List which contracts belong to this system. Set active: false to disable a contract without deleting it.

Example: Contract registry

contracts:
  - path: bronze/events_v1.0.yaml
    entity: events
    layer: bronze
    active: true

  - path: silver/sessions_v1.0.yaml
    entity: sessions
    layer: silver
    active: true

  - path: gold/dim_users_v1.0.yaml
    entity: dim_users
    layer: gold
    active: false    # Disabled — won't run in pipeline

External Sources (Cross-Domain Lineage)

When your domain consumes tables from another domain's pipeline, declare them here so the DAG shows the full data lineage across teams.

Why this matters: Without this, your data lineage stops at your domain boundary.

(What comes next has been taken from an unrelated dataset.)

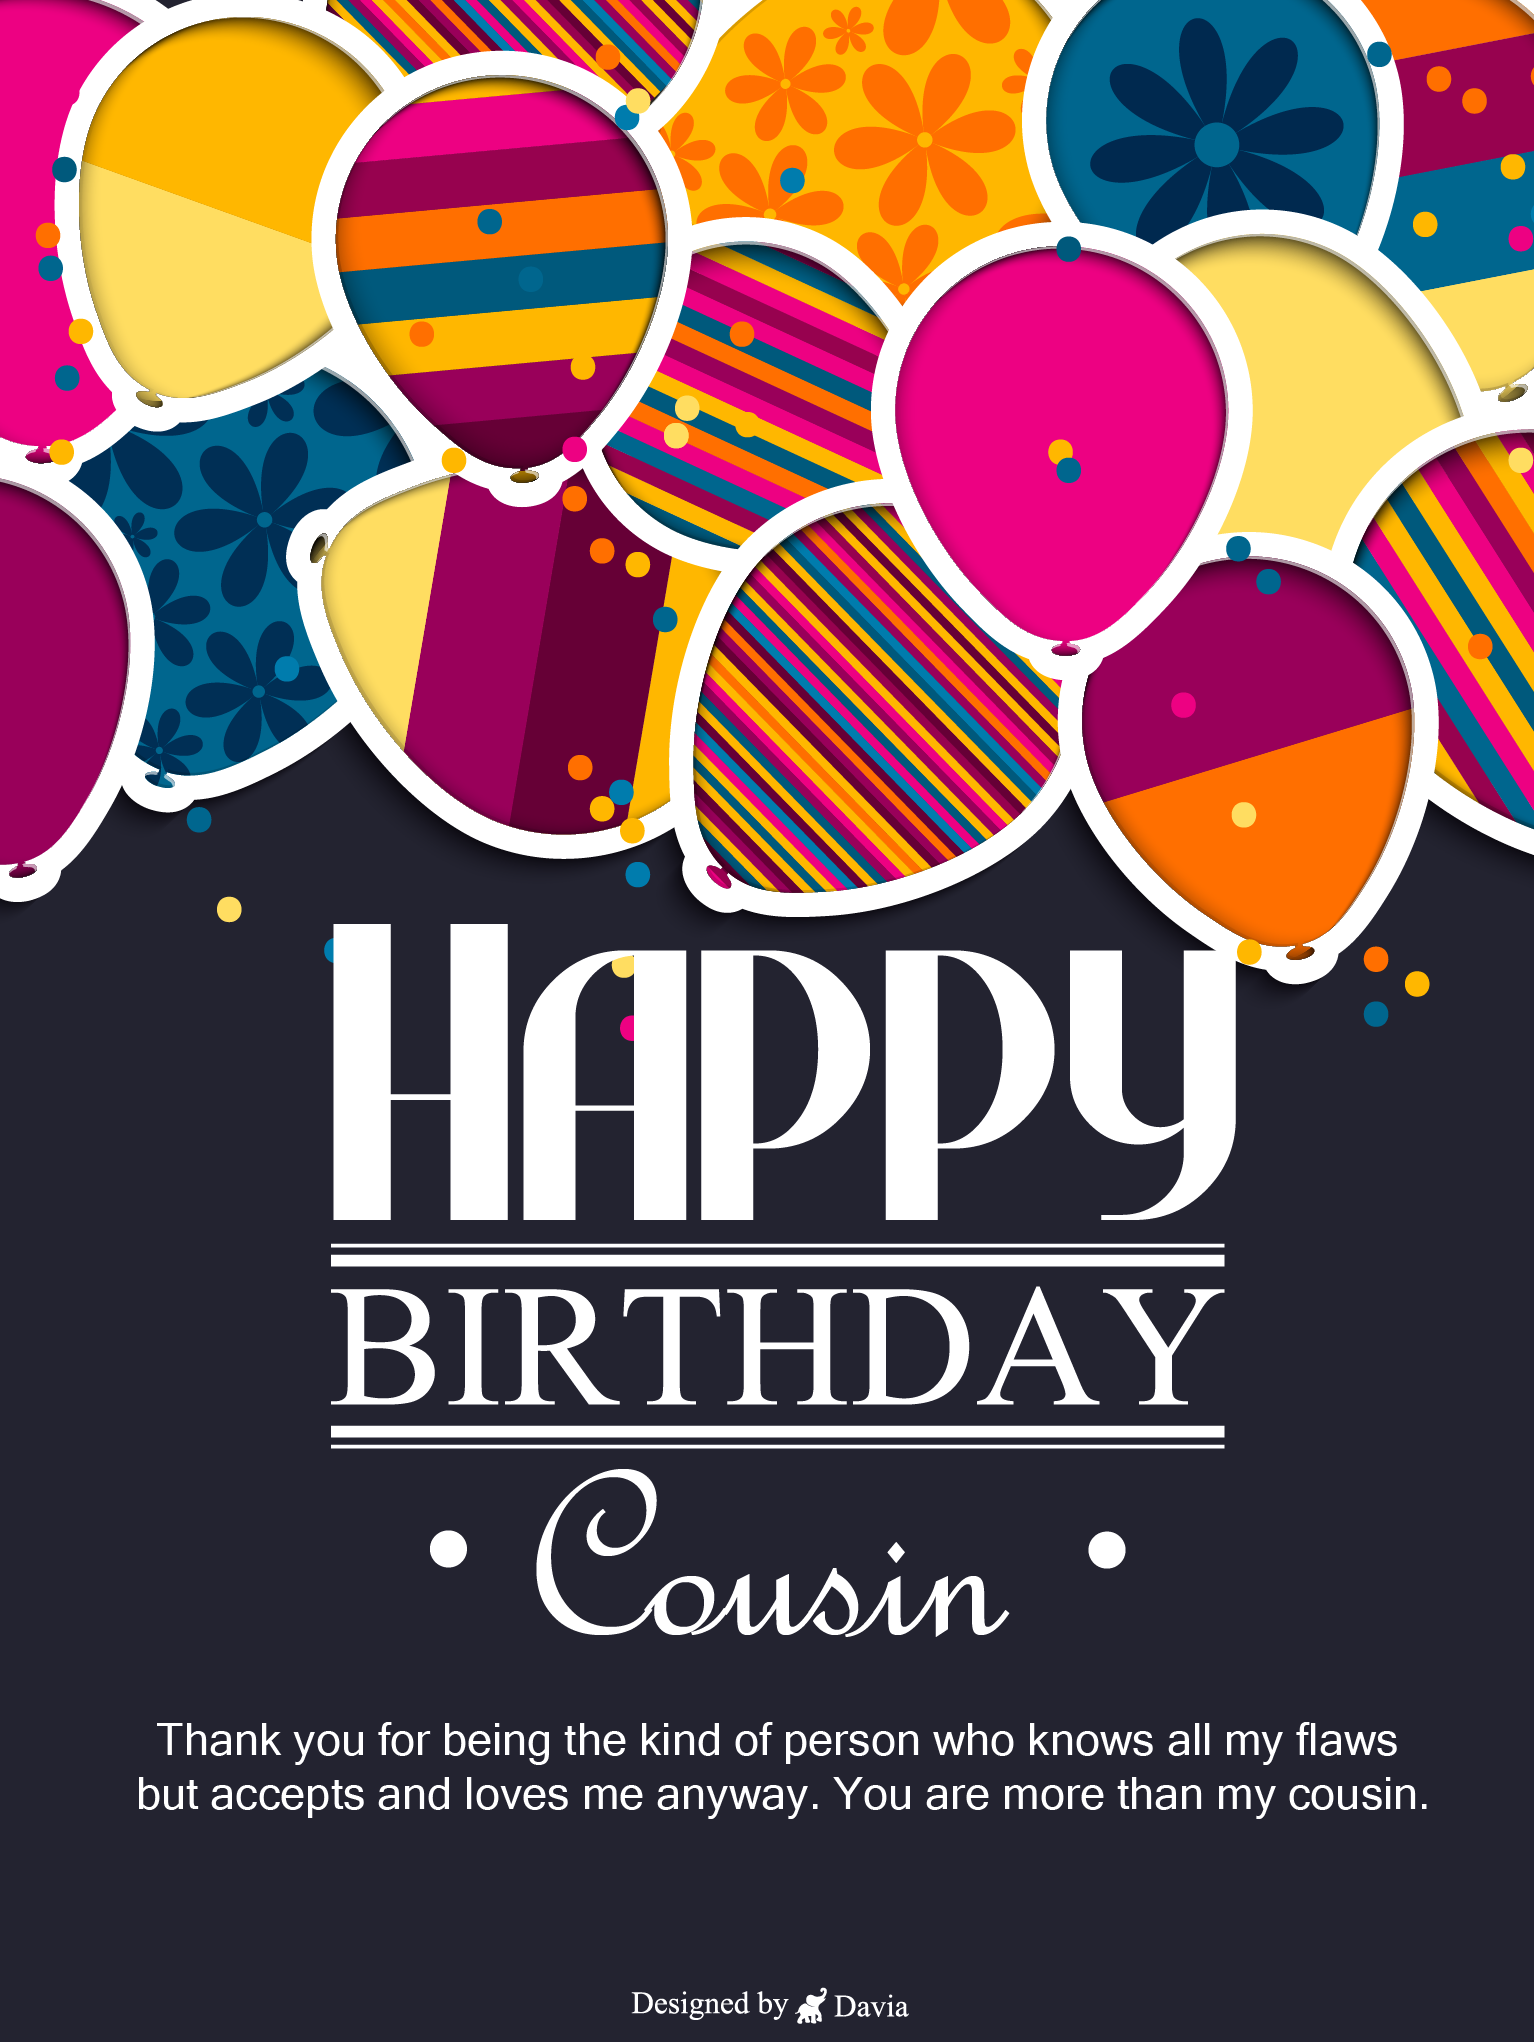 Happy birthday image for cousin

With it, you can trace data from its origin all the way through to your final dashboard — even across team boundaries.

Example: Cross-domain source declaration

external_sources:
  - name: "silver_crm_customers"
    catalog_path: "catalog.silver.crm_customers"
    source_domain: "sales/crm"
    consumed_by: ["gold_customer_360"]

External nodes appear in the DAG with dashed borders. LakeLogic does not orchestrate the external pipeline — this is metadata-only for lineage tracking.